8.僕らの未来 (注意:第1部34話直後のお話です)
彼女の信頼を一気に無くした。
しかし今までも信頼されていたかどうかは、自信がない。
自分の浅はかで、本能的な行動に、今となっては後悔というよりも腹立ちを感じる。
もっとゆっくり…
わかっていたはずなのに、彼女との楽しい一日ですっかり舞い上がっていた。
本当はプロポーズ、ずっとしたかった。
今日の僕はおかしい。
彼女と一緒に居ると子どもに戻ってしまう。
僕のすべてを受け止めてほしいと彼女に依存している。
家に戻ると、玄関ホールに母がいた。
「おかえりなさい」母はそう言ってほほ笑んだ。
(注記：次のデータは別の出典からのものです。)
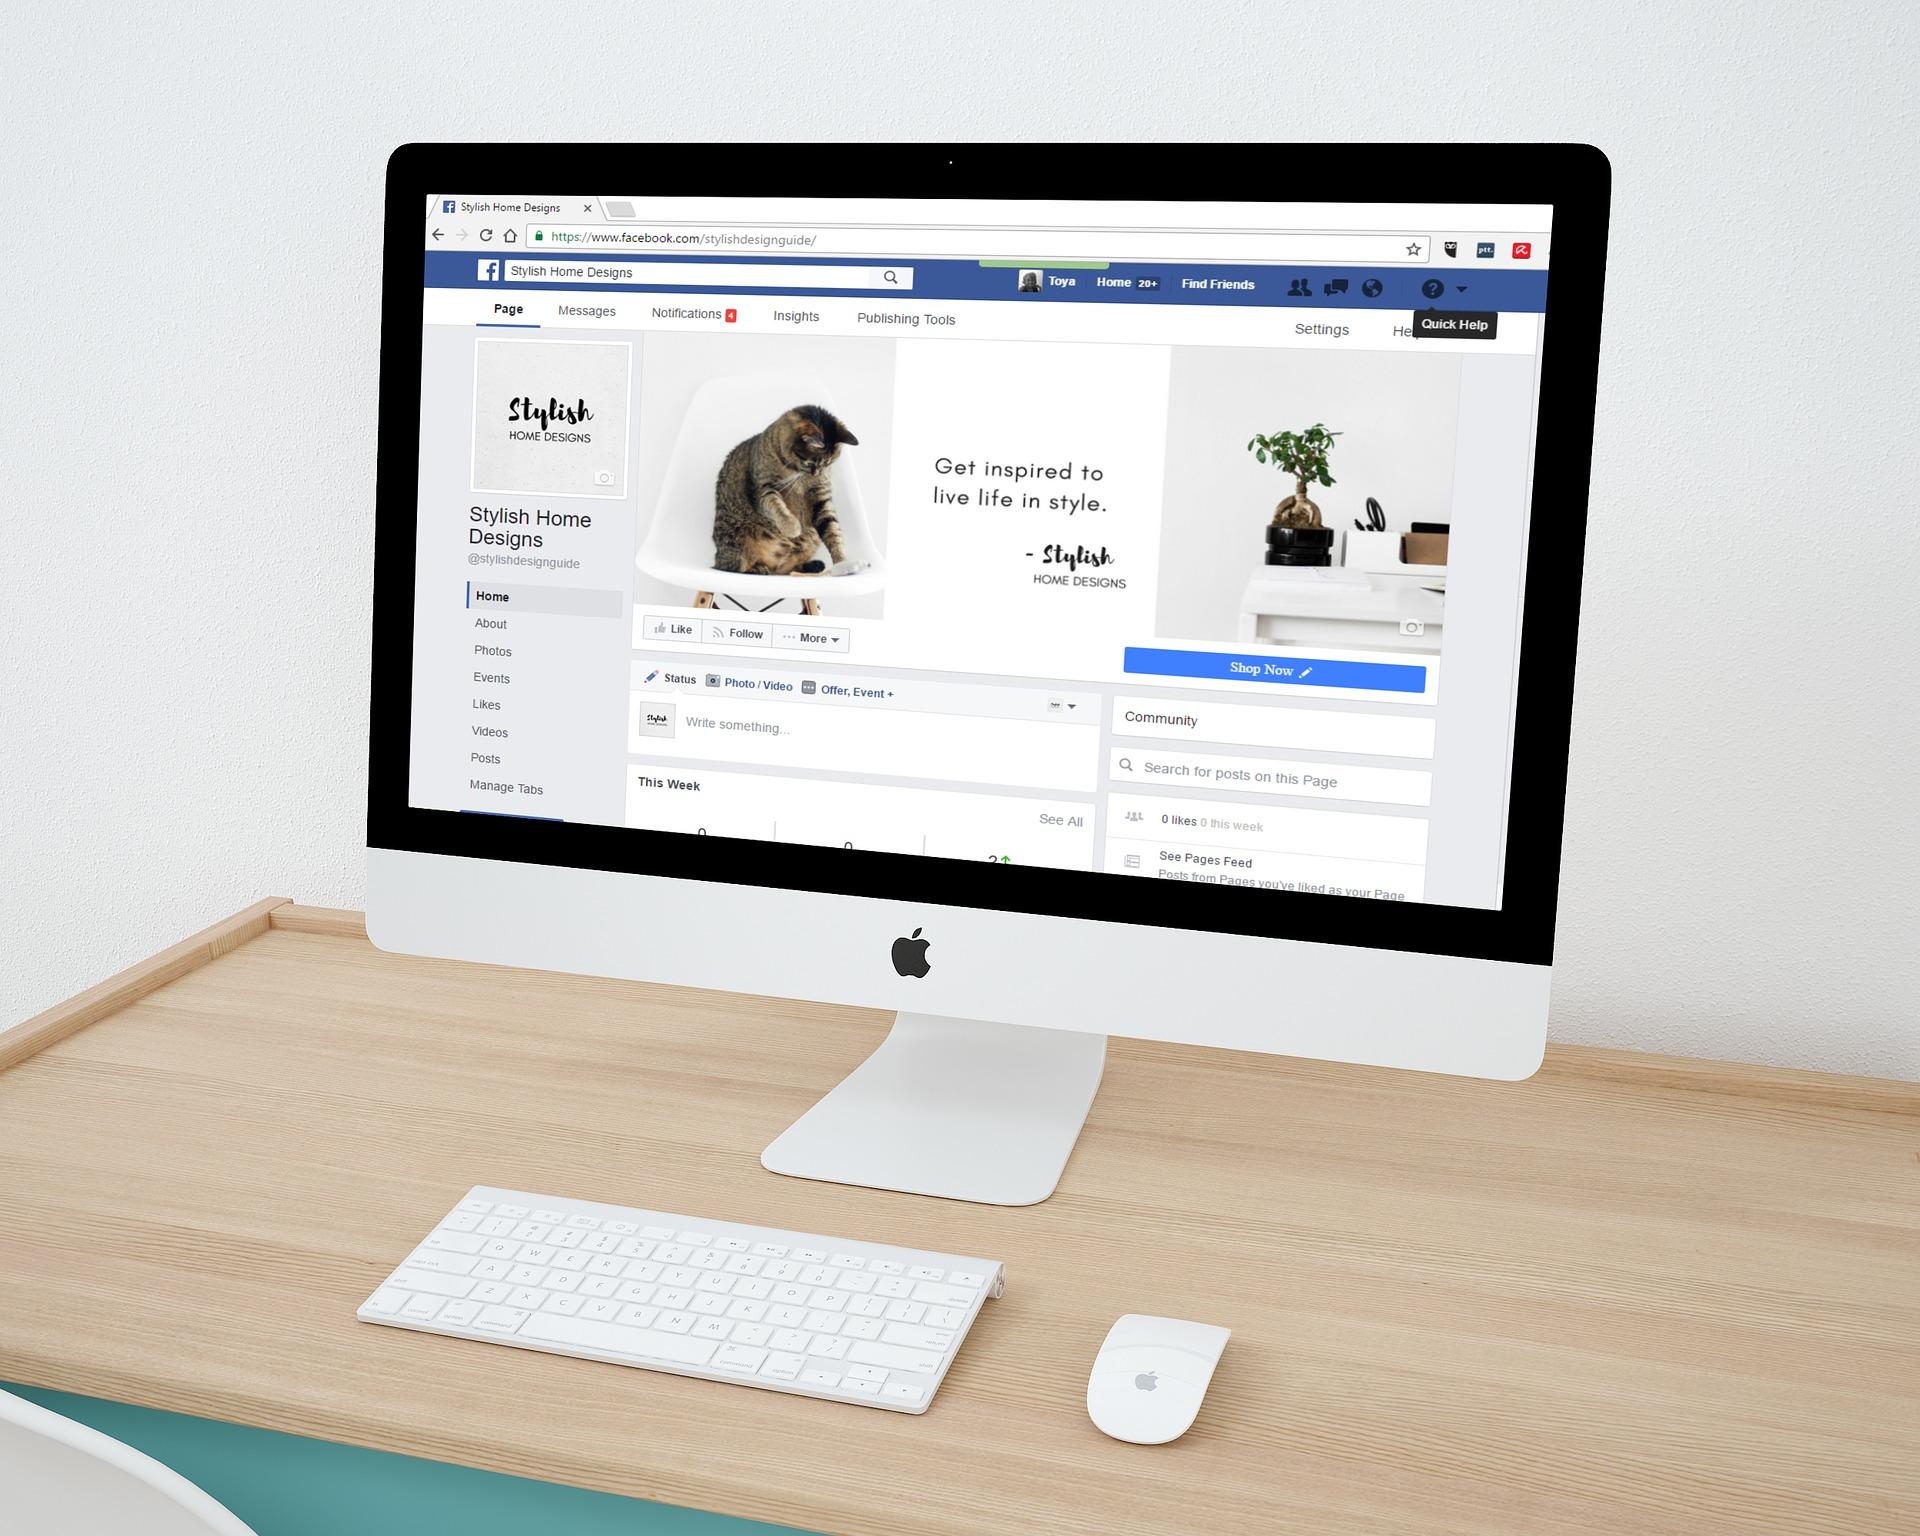 Facebook rankings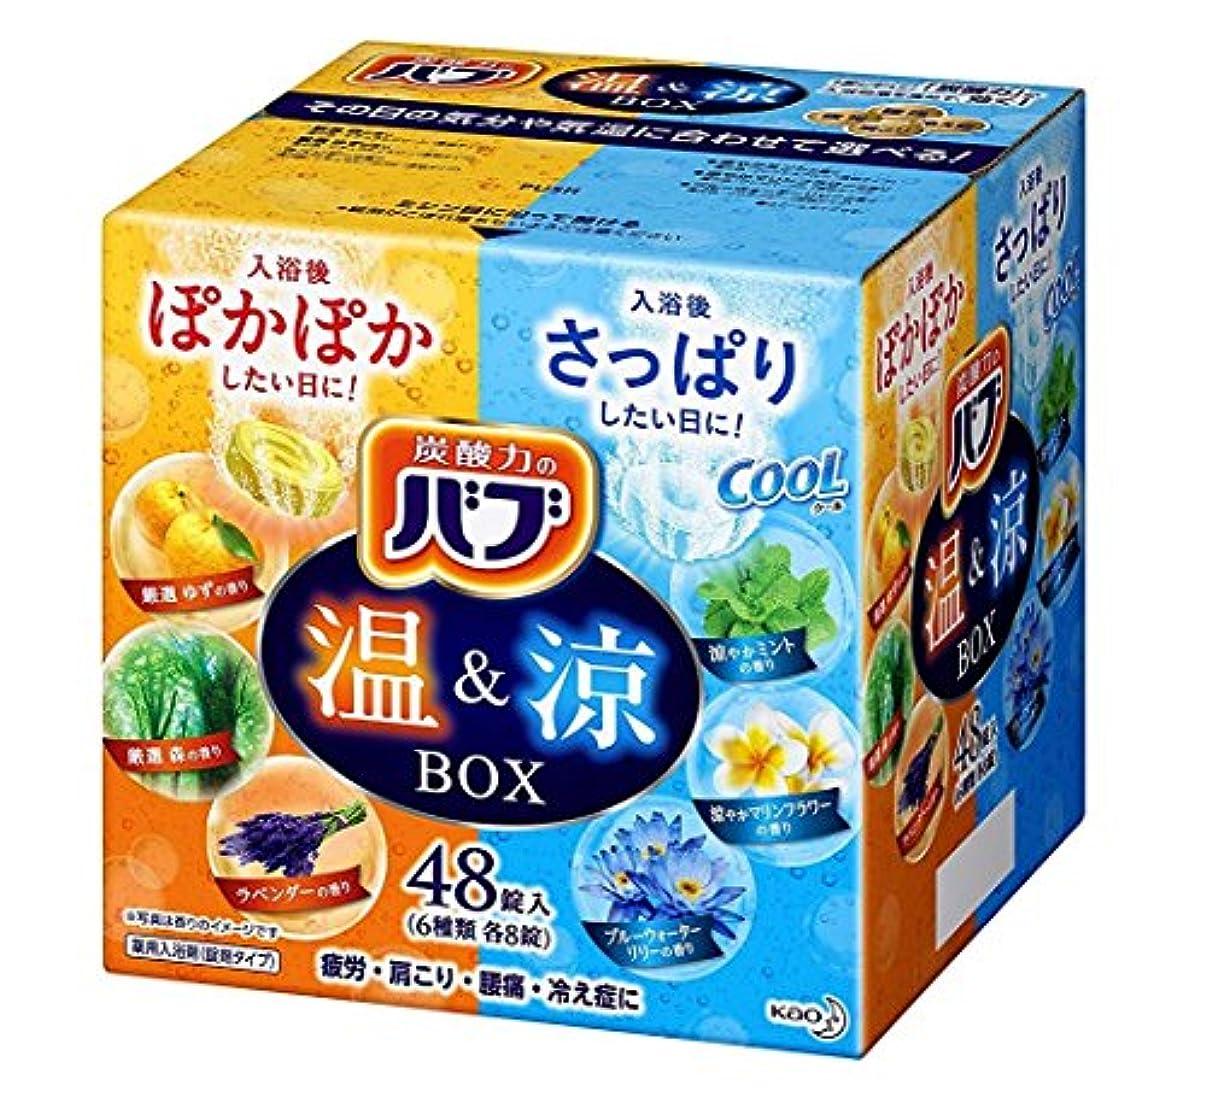 同等の照らす現金【大容量】バブ 温&涼BOX 48錠 炭酸入浴剤

なにもかもお見通しなのだろう。
「ただ今戻りました。翼さんは戻っていますか?」
「ええ。お部屋にいらっしゃるんじゃないかしら。でも、直接お会いになるのは止めた方がよろしくてよ」
母はからかうような口調でそう言い残して、自分の部屋に戻って行った。
母からの忠告を素直に聞いて、室内の電話を使った。
「翼さん、先ほどは失礼しました」僕が話しても、しばらく彼女は何も言わない。
「あなたのことをよく考えずに、自分勝手なことを言ってしまって本当にすみません。 でも、あなたにだけは素直な気持ちを
聞いてもらいたかった」
まだ彼女は黙ったままだ。沈黙が怖いなんて感じたことがなかったのに、今は寒ささえ感じる。
「慎一朗さん」彼女の普段通りの声にほっとする。
「はい」
「私ね、まだ怒ってます」そう言いながらも彼女の声はとても穏やかで優しい。
「はい」
「でもね、あなたの気持ちはちゃんと伝わりました。だからといって承諾したわけじゃありません」
それはそうだろう。そう簡単にいくとは思っていない。
「はい。ありがとう、翼さん」
彼女の心が凍りついてしまわなくて良かった。
心が凍ってしまうということ、自分が体験しているので、よくわかる。
彼女が僕のせいでそうなってしまわないように、僕らの未来はゆっくりと進まなければならない。